**** Data supplied
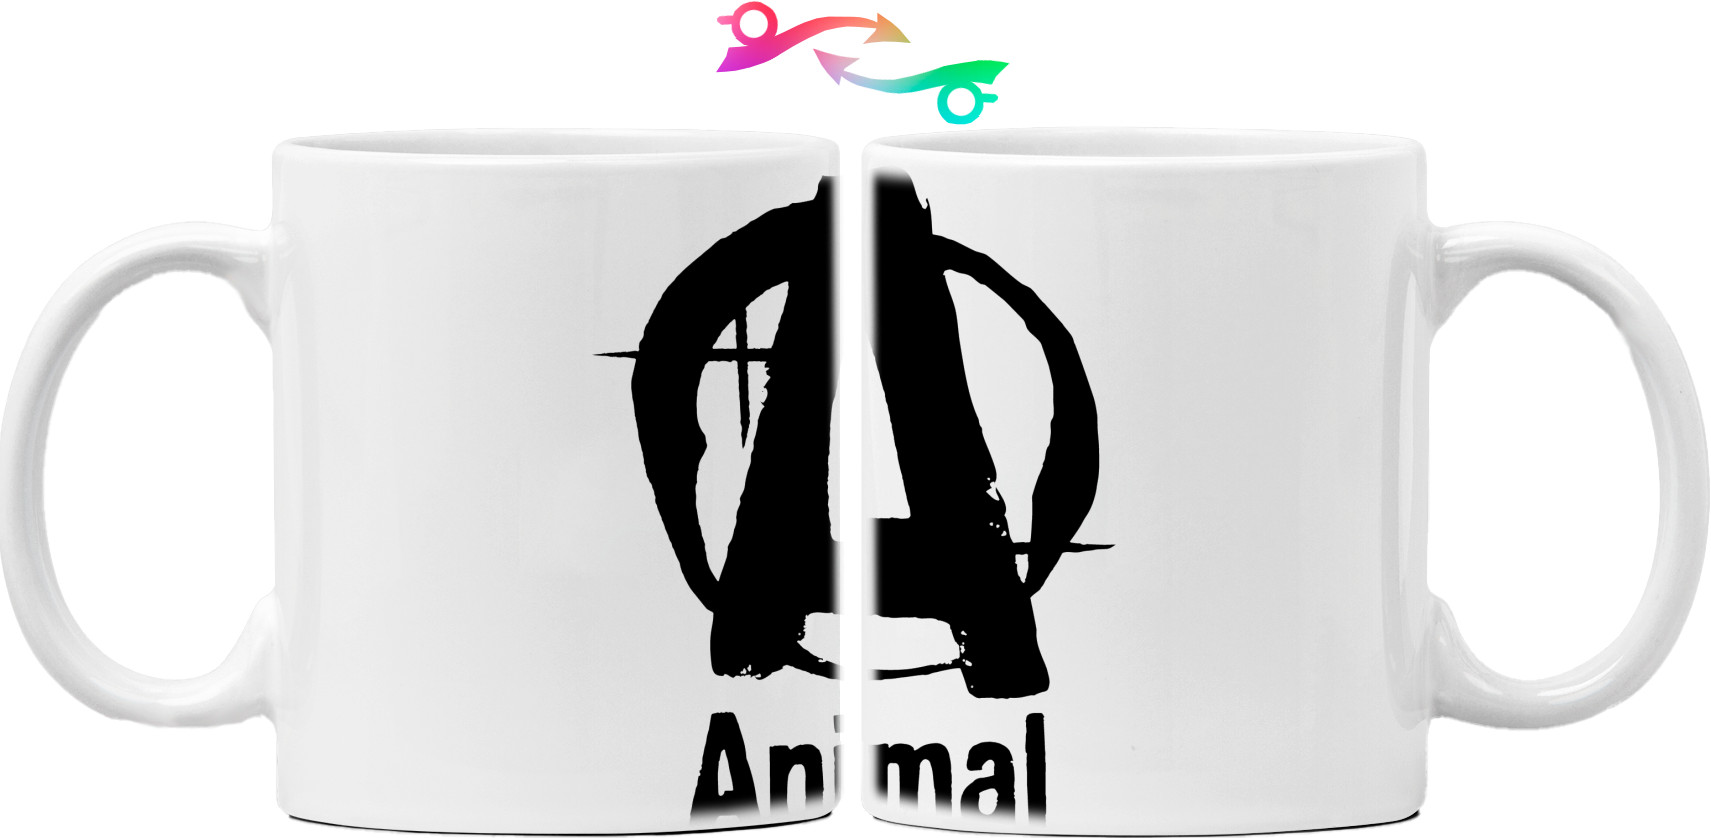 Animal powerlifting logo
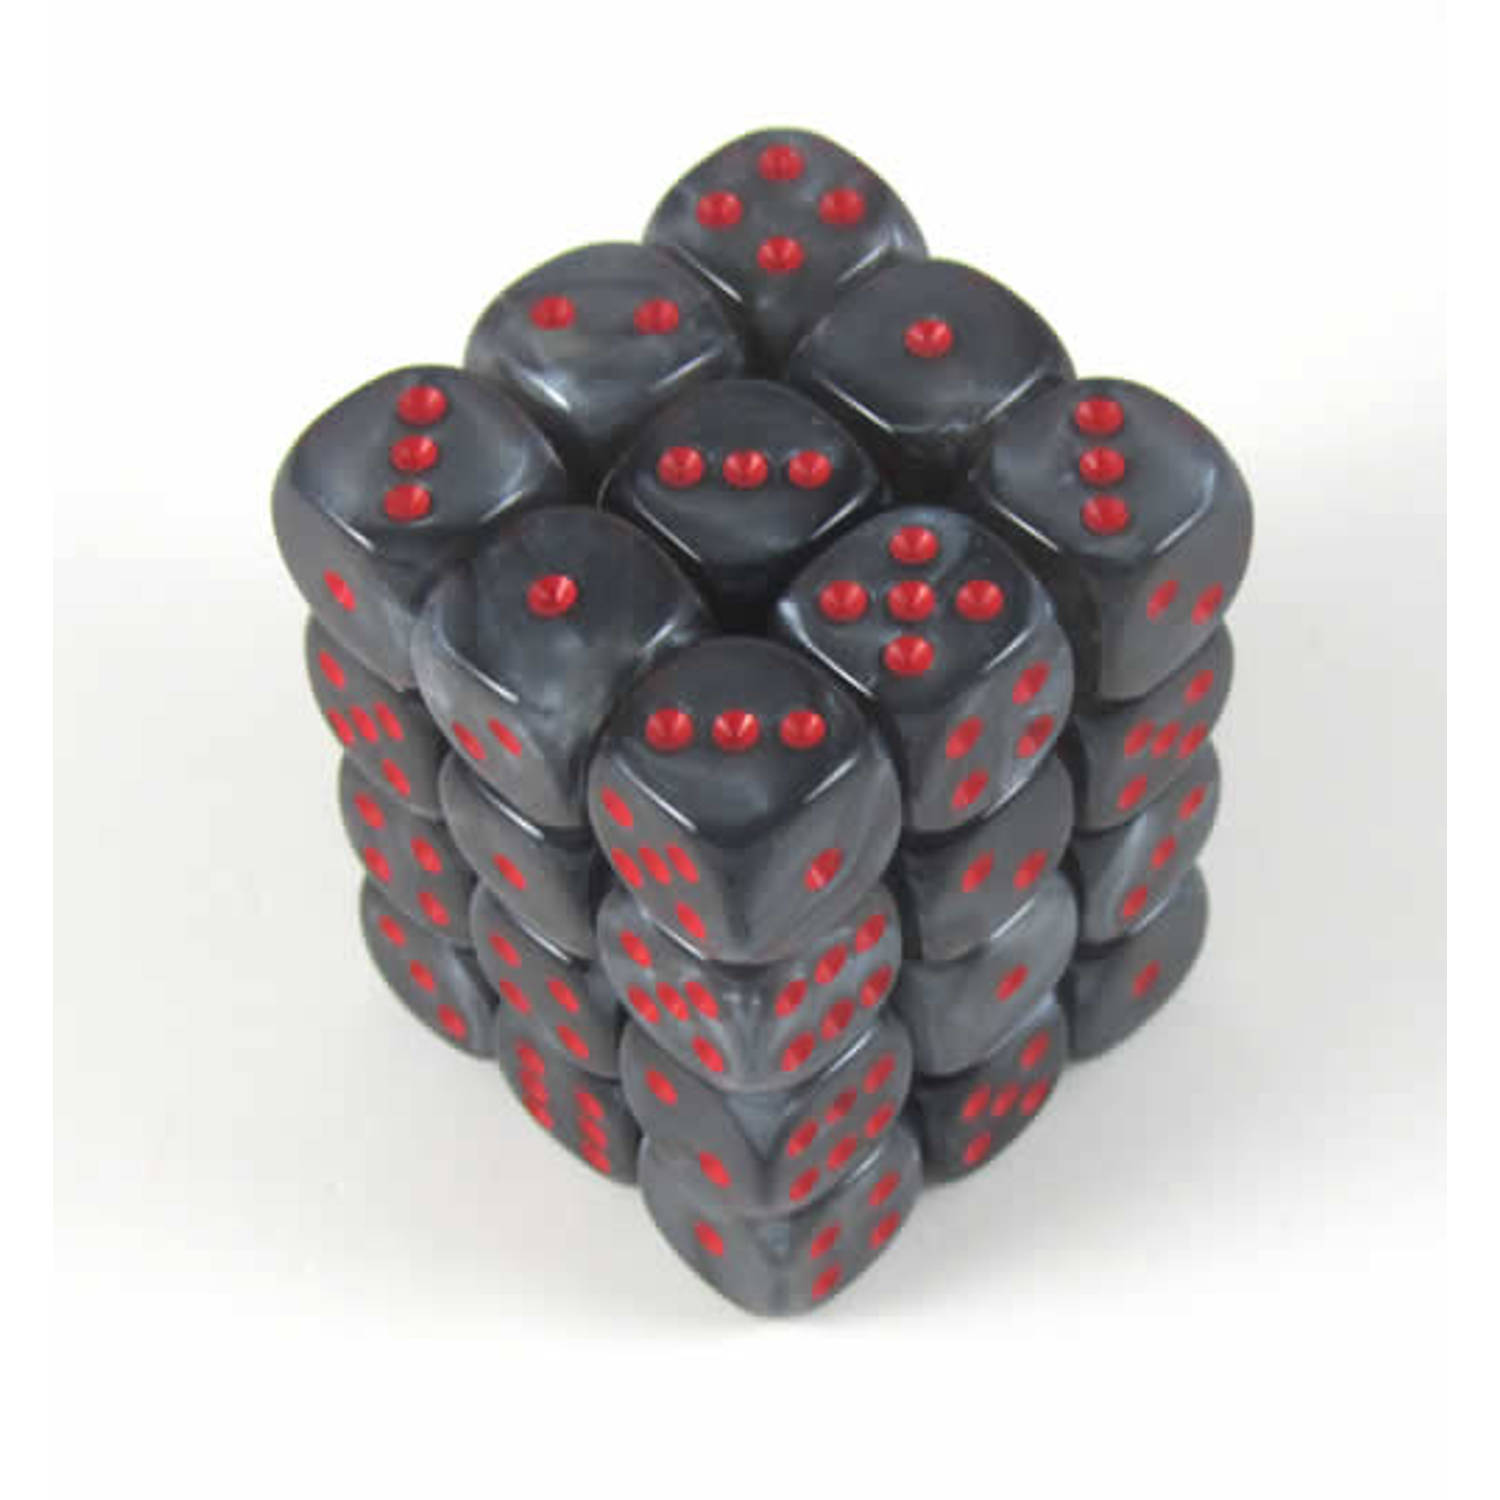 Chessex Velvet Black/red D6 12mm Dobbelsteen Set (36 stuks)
********
**** Data supplied
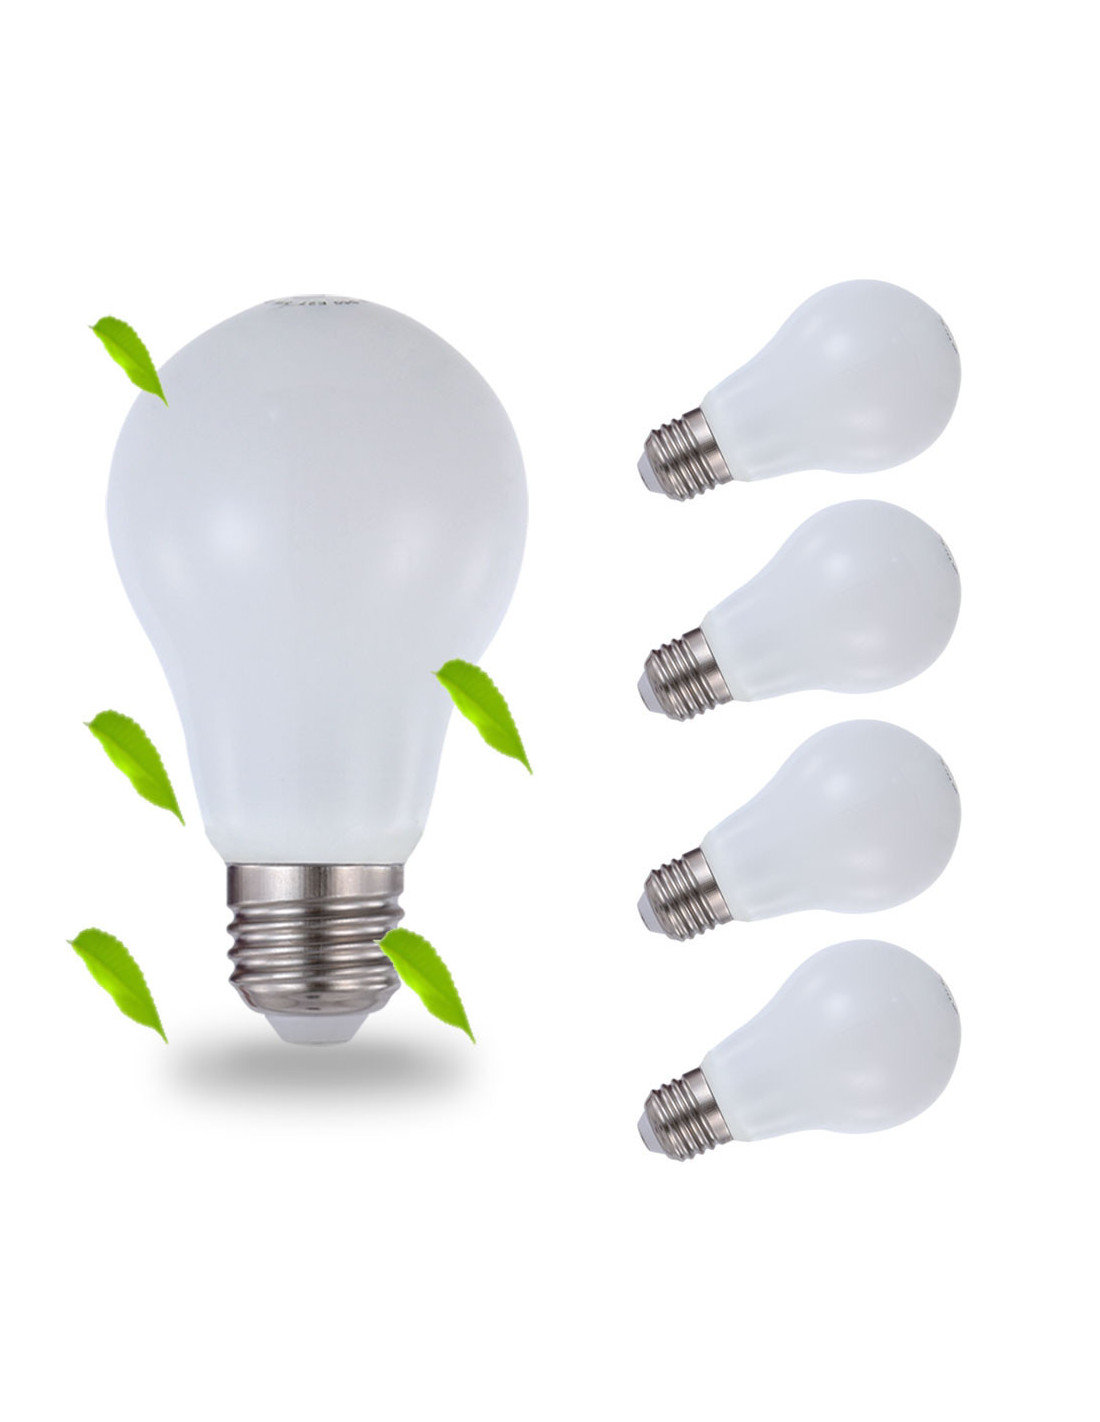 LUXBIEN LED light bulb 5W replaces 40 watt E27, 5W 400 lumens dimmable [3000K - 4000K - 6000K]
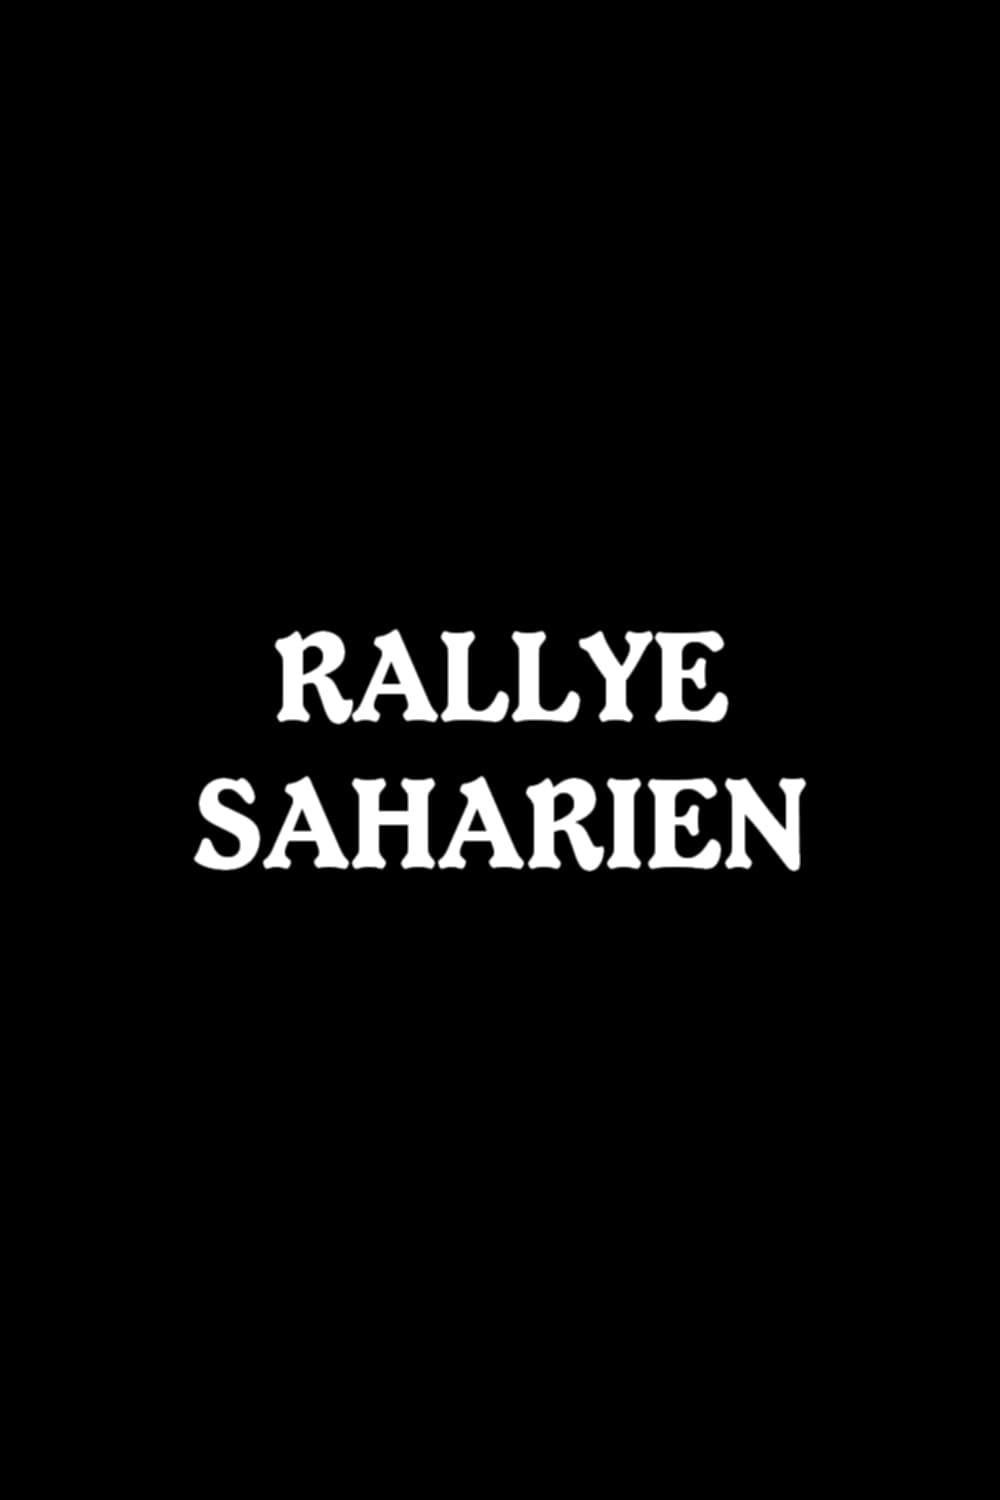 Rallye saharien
********
**** Data supplied
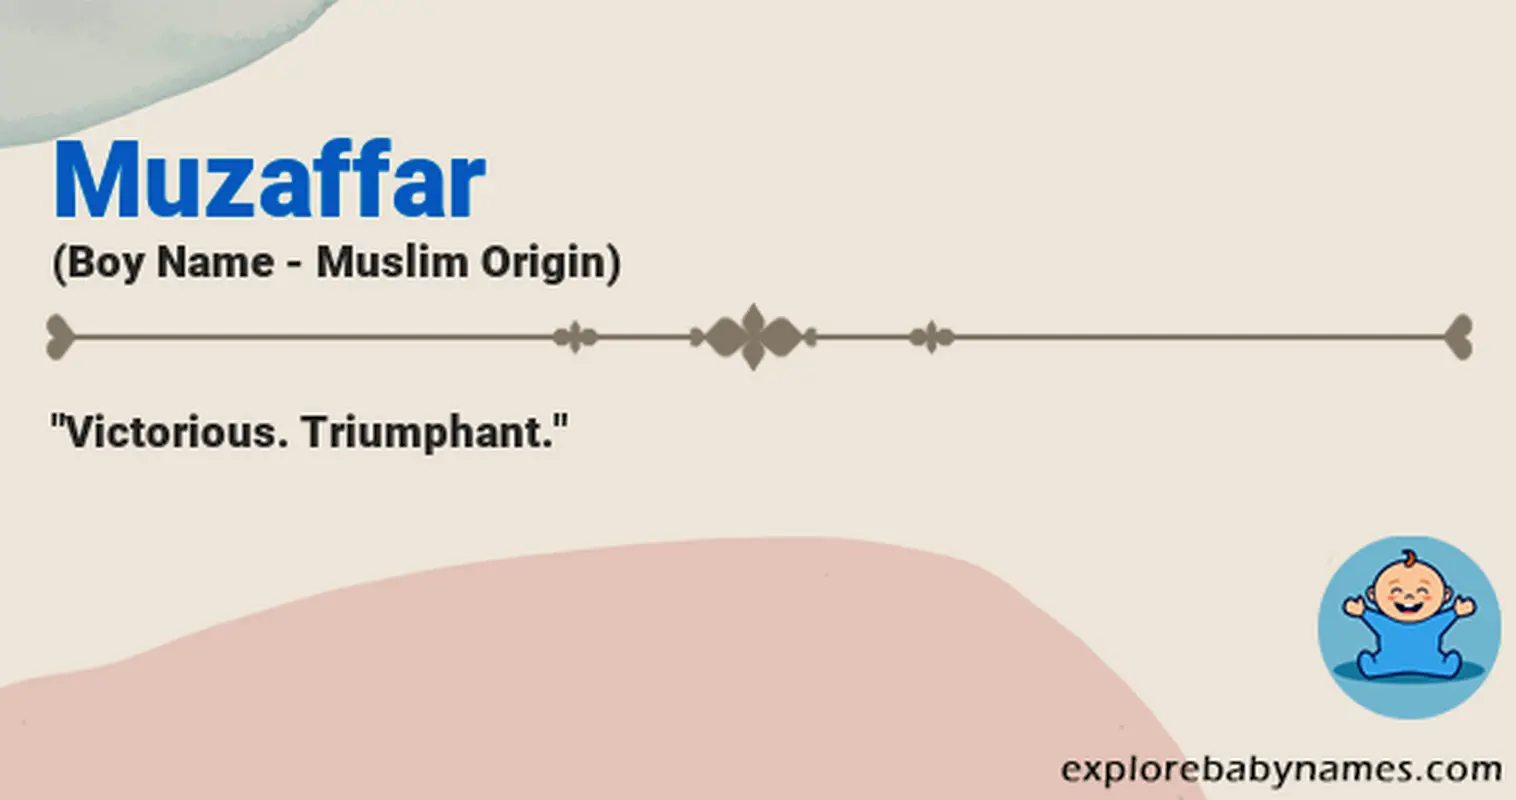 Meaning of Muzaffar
********
Work item: Take only the lines above from the one that has "Animal powerlifting logo" through the one that has "Chessex Velvet Black/red" and reproduce them exactly, omitting any pictures.

Exercise solution:
 Animal powerlifting logo
 Chessex Velvet Black/red D6 12mm Dobbelsteen Set (36 stuks)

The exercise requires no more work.